Suppose I have two files:
file1.c- contains global definition of an int array of size 10 named "array[10]".
file2.c- contains an int pointer named "extern int *array", here I am trying to link this pointer to array.
But when I check the address of array in file1.c and pointer value in file2.c, they are both different. Why it is happening?
That doesn't work, in file2.c, you need
extern int array[];
since arrays and pointers are not the same thing. Both declarations must have the compatible types, and int* is not compatible with int[N].
What actually happens is not specified, the programme is ill-formed with extern int *array;, but probably, the first sizeof(int*) bytes of the array are interpreted as an address.
extern1.c
#include <stdio.h>
extern int *array;
int test();
int main(int argc, char *argv[])
{
printf ("in main: array address = %x\n", array);
test();
return 0;
}
extern2.c
int array[10] = {1, 2, 3};
int test()
{
printf ("in test: array address = %x\n", array);
return 0;
}
The output:
in main: array address = 1
in test: array address = 804a040
And the assemble code:
08048404 <main>:
8048404: 55 push %ebp
8048405: 89 e5 mov %esp,%ebp
8048407: 83 e4 f0 and $0xfffffff0,%esp
804840a: 83 ec 10 sub $0x10,%esp
804840d: 8b 15 40 a0 04 08 mov 0x804a040,%edx <--------- this (1)

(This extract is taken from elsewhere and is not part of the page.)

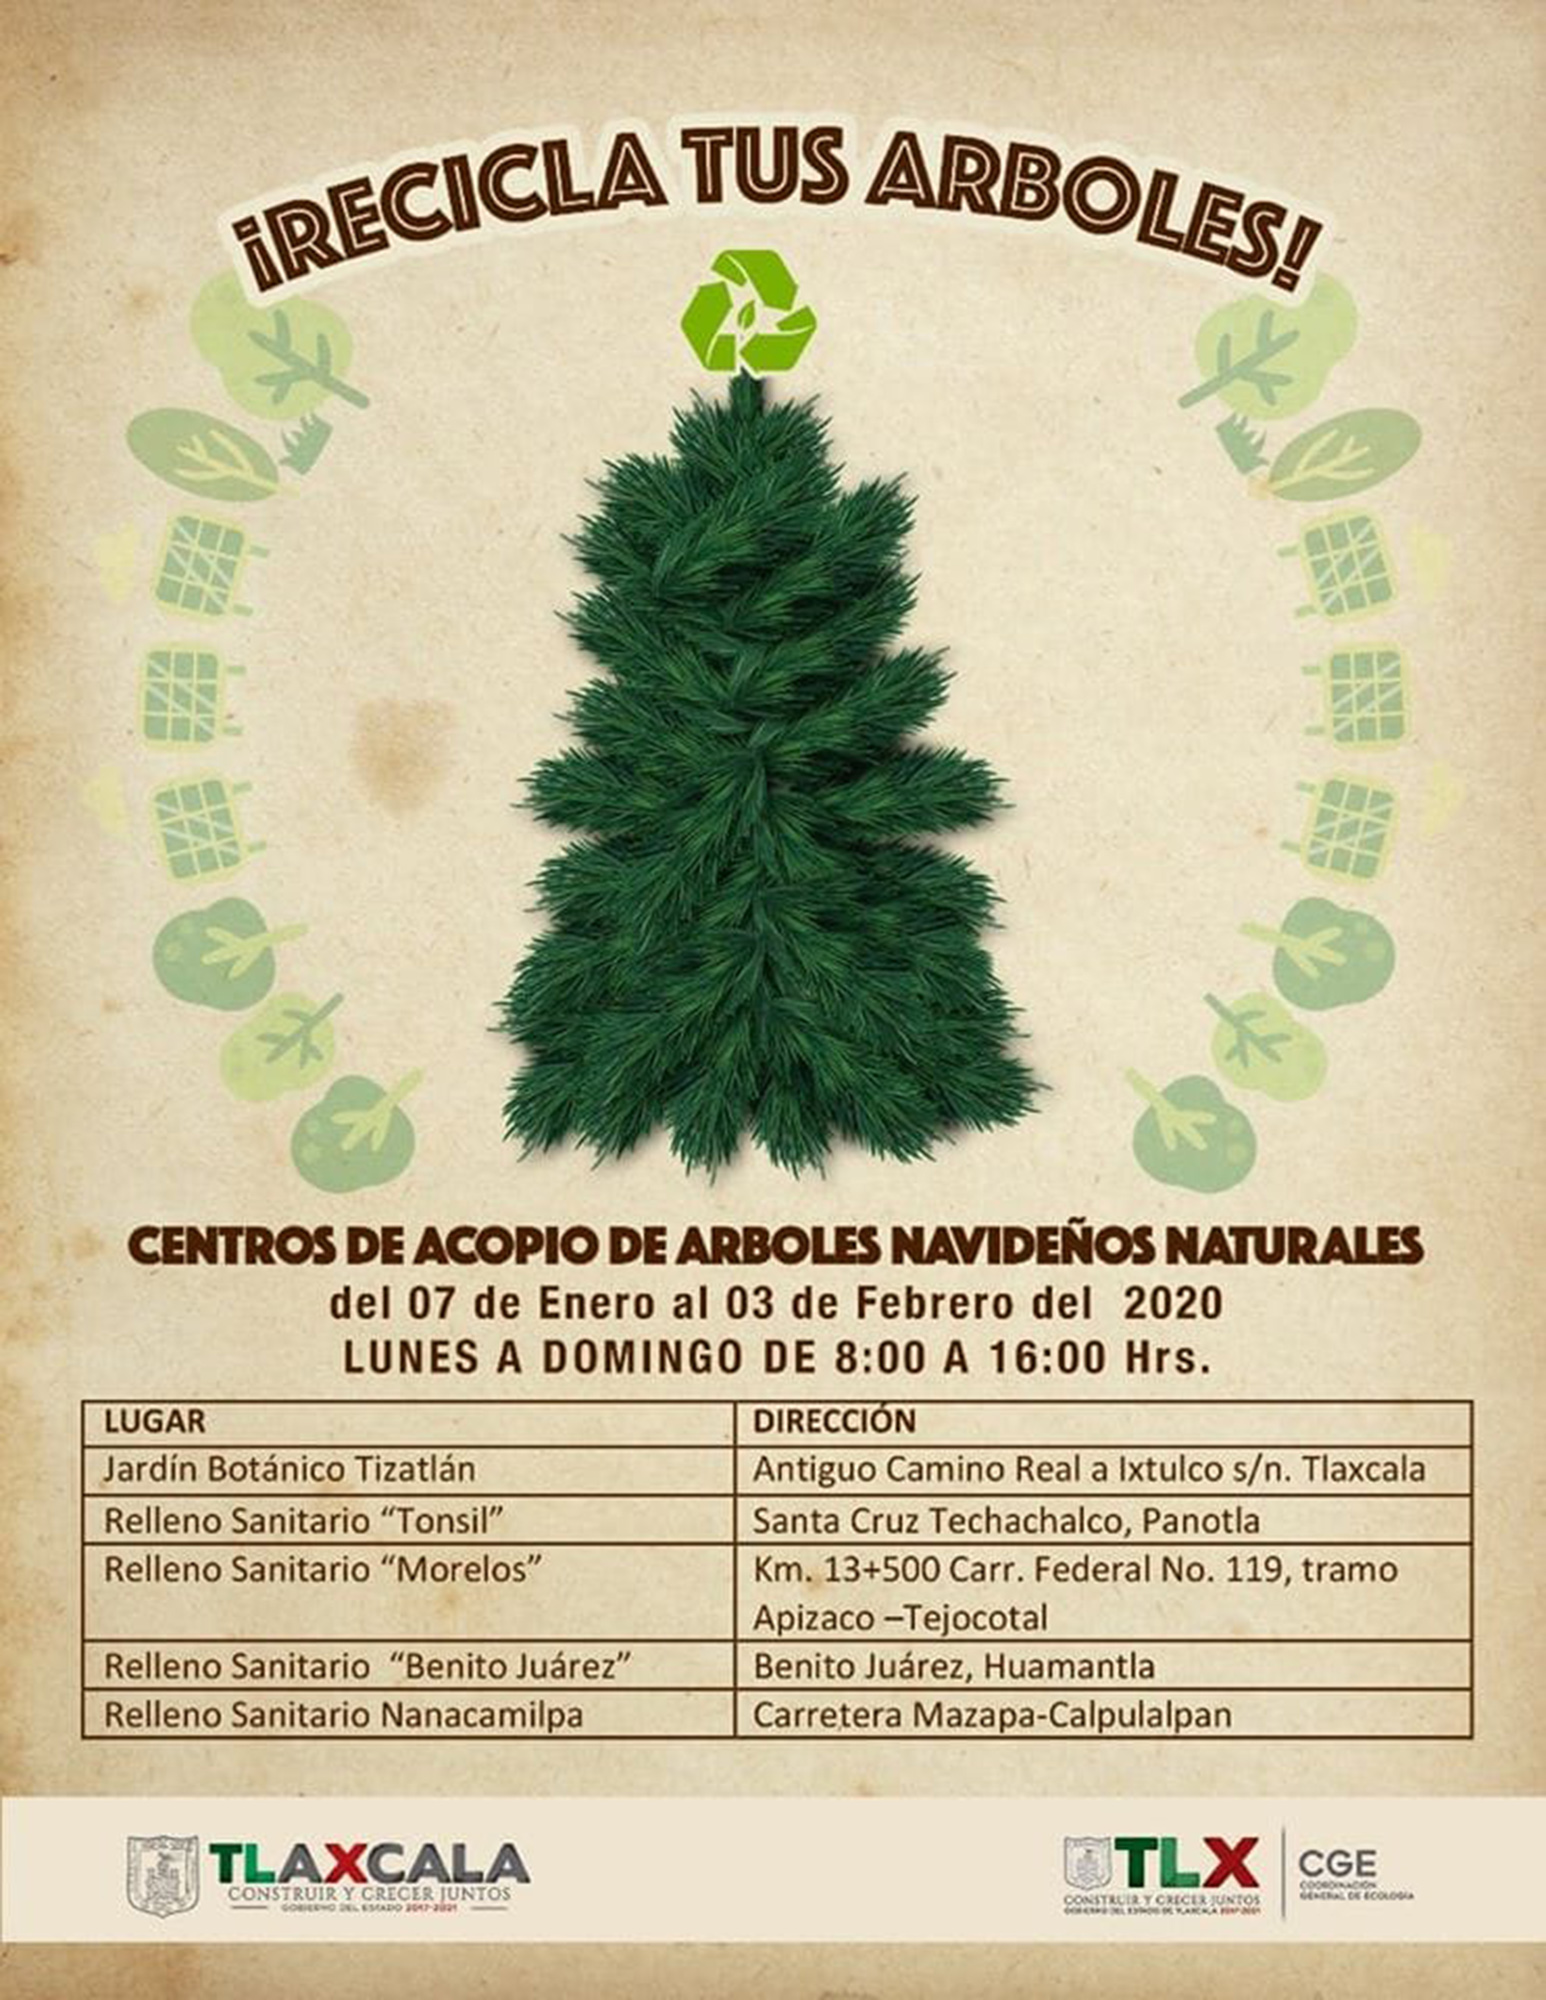 Invita CGE a la población a reciclar sus árboles navideños.

8048413: b8 20 85 04 08 mov $0x8048520,%eax
8048418: 89 54 24 04 mov %edx,0x4(%esp)
804841c: 89 04 24 mov %eax,(%esp)
804841f: e8 dc fe ff ff call 8048300 <printf#plt>
8048424: e8 07 00 00 00 call 8048430 <test>
8048429: b8 00 00 00 00 mov $0x0,%eax
804842e: c9 leave
804842f: c3 ret
08048430 <test>:
8048430: 55 push %ebp
8048431: 89 e5 mov %esp,%ebp
8048433: 83 ec 18 sub $0x18,%esp
8048436: c7 44 24 04 40 a0 04 movl $0x804a040,0x4(%esp) <------- this (2)
804843d: 08
804843e: c7 04 24 3d 85 04 08 movl $0x804853d,(%esp)
8048445: e8 b6 fe ff ff call 8048300 <printf#plt>
804844a: b8 00 00 00 00 mov $0x0,%eax
804844f: c9 leave
8048450: c3 ret
Pay attention to the <------- in the assemble code. You can see in main function the array is array[0] and in test function the array is the address.